My point is that the "until it does" is largely irrelevant, as even the most pathological case for a terminal is easily accommodated and in practice almost never occurs. And as you pointed out a lot of OS text rendering support is accelerated anyway (or will get there), which makes this largely moot anyway by making it a system concern rather than something an application ought to put effort into dealing with.
> I don’t disagree that many editors aren’t exactly optimized. None of that changes the benefits of offloading framebuffer work to the GPU.

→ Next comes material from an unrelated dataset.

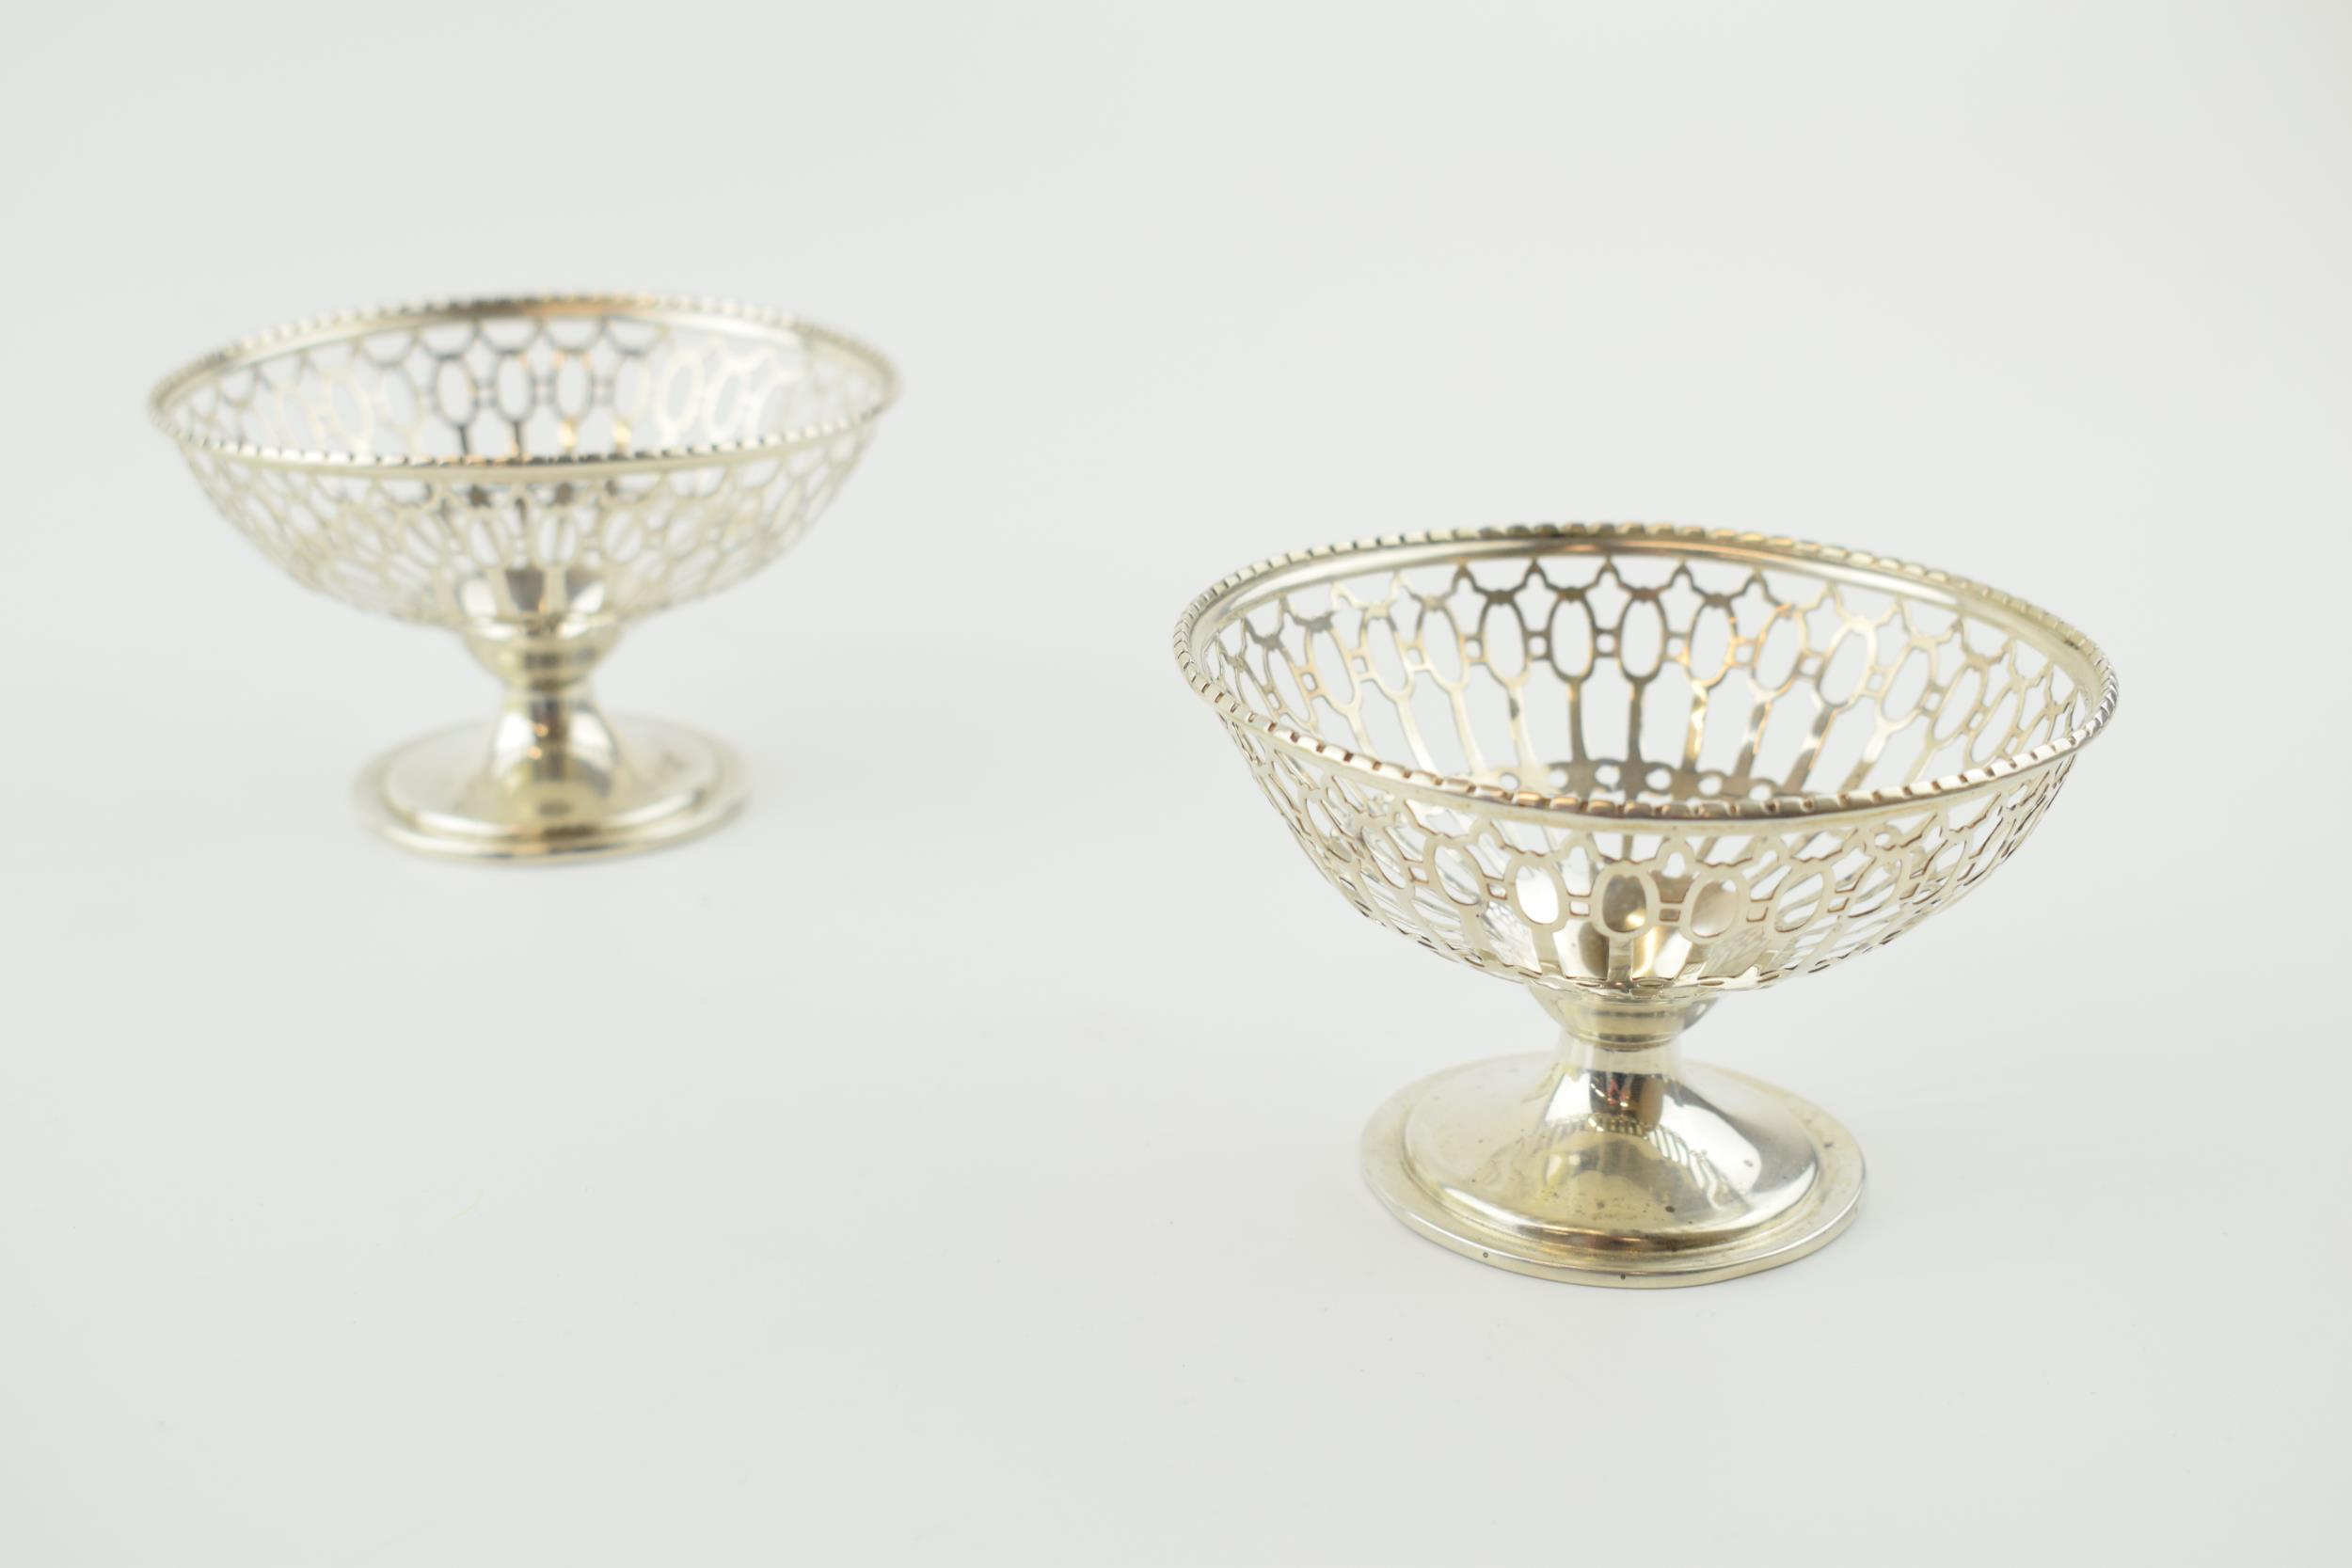 A pair of silver bon bon dishes with ornate pierced decoration, Birm 1921, E S Barnsley, 76.8 - Image 2 of 3

The point is that the failure of prominent "accelerated" terminals to even match rxvt is a demonstration that spending the effort to write code that is far less portable is a poor tradeoff and tend to show that people writing these terminals rarely understand where the actual bottlenecks are.

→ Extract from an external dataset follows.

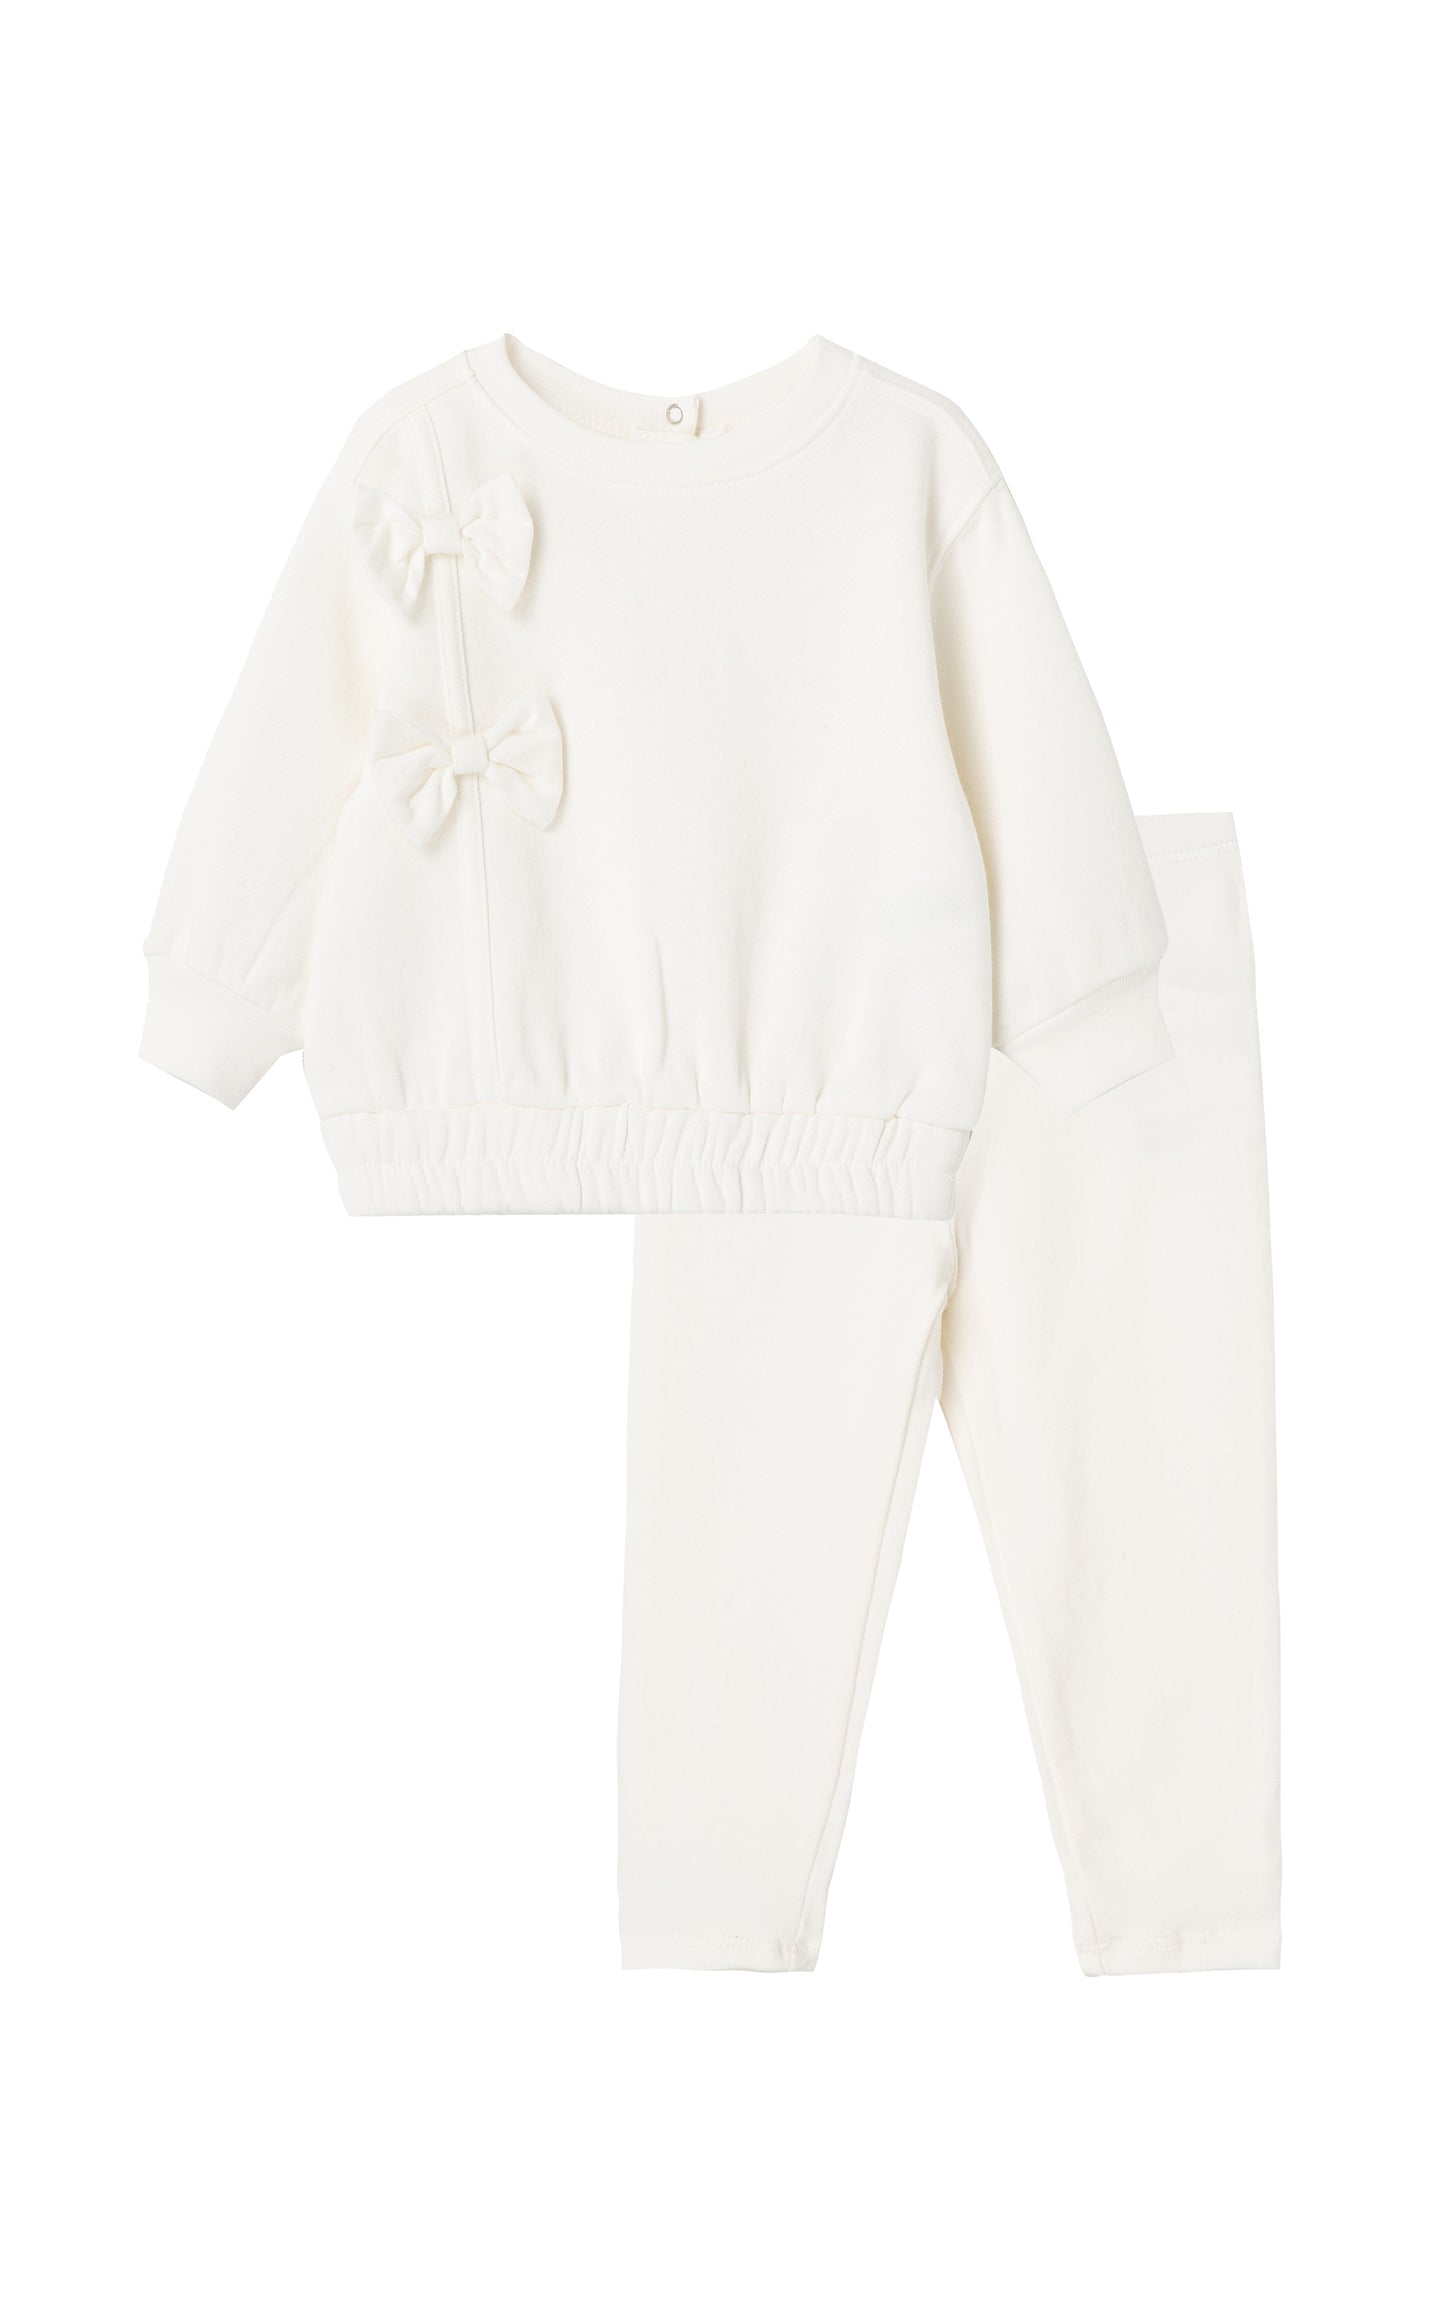 Front view of off-white fleece sweatshirt set with a bow

> but by and large everyone already moved to the GPU
This is only true to the extent you're calling running on top of OS API's that have been accelerated as "moving to the GPU". The vast majority of terminal emulators and editors are still relying on generic APIs that may or may not be accelerated depending on where they're running. Only a small minority are targeting GPU specific APIs. In this context when people are talking about GPU accelerated editors or terminals, they're talking about the latter.
Standard frameworks give you text frames with minimal hooks to customize them and "good enough" performance. They're great for dumping a log file to or for small documents, but when you want the fine control of a text editor that can handle big files, you need to roll your own.
GPU acceleration of the text editing viewport, which will not show much more than 100 lines of text at any time, has almost nothing to do with the issues in editing large files.
I suppose "good performance" is subjective. I run VS Code on a 4k (well, 3840-by-2160) monitor attached to a ThinkPad T440, and the performance is acceptable. The CPU does get busier, but not by much.
Though, the biggest limitation is that the framerate is only 30Hz since the HDMI version is older on that laptop, so maybe that has something to do with it as well.
VS Code certainly uses GPU accelerated rendering, it's an Electron app after all. Though yes only needing to hit 30 FPS to not be the bottleneck in your case does make things a bit moot.
You could get good performance with CPU rendering on machines several orders of magnitude slower than what we had today to screens that certainly did not have as many orders of magnitude fewer pixels.
It's the right choice. Otherwise you're wasting power for no reason. The only reason not to use the GPU is driver bugs, usually on Linux, that cause it to use more energy than the CPU.
Learning, as it reads on the page. GPU programming is hard, and splitting work between CPU and GPU is too, at least if you try to make the program go faster.